EXERCISE DETAILS: In the data below, one line contains "Aries Black Graphic T-Shirt" and a later one contains "Estuche para Caballero". Print both, with every line between them, exactly and alone.

DATA FOR ANALYSIS:
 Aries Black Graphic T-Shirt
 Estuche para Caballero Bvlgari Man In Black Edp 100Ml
---
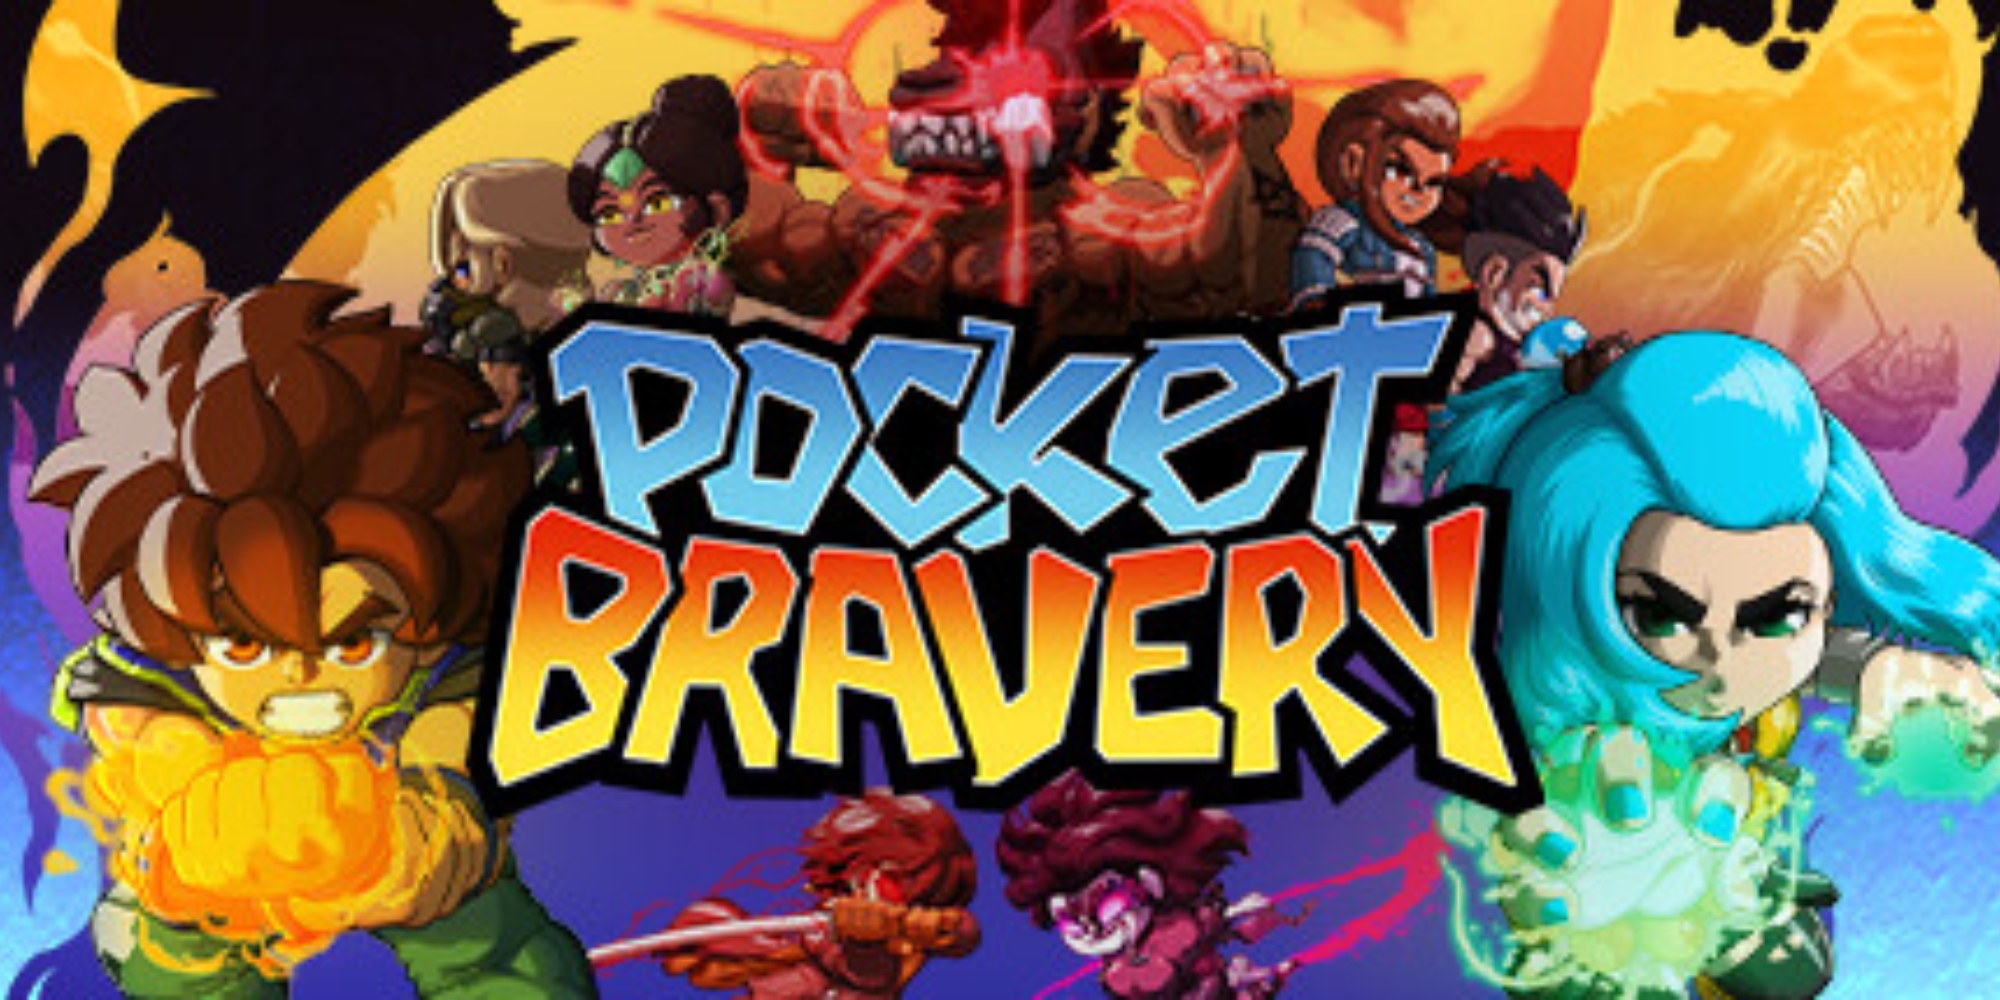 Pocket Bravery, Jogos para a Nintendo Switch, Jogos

ANSWER SPACE:
 Aries Black Graphic T-Shirt
 Estuche para Caballero Bvlgari Man In Black Edp 100Ml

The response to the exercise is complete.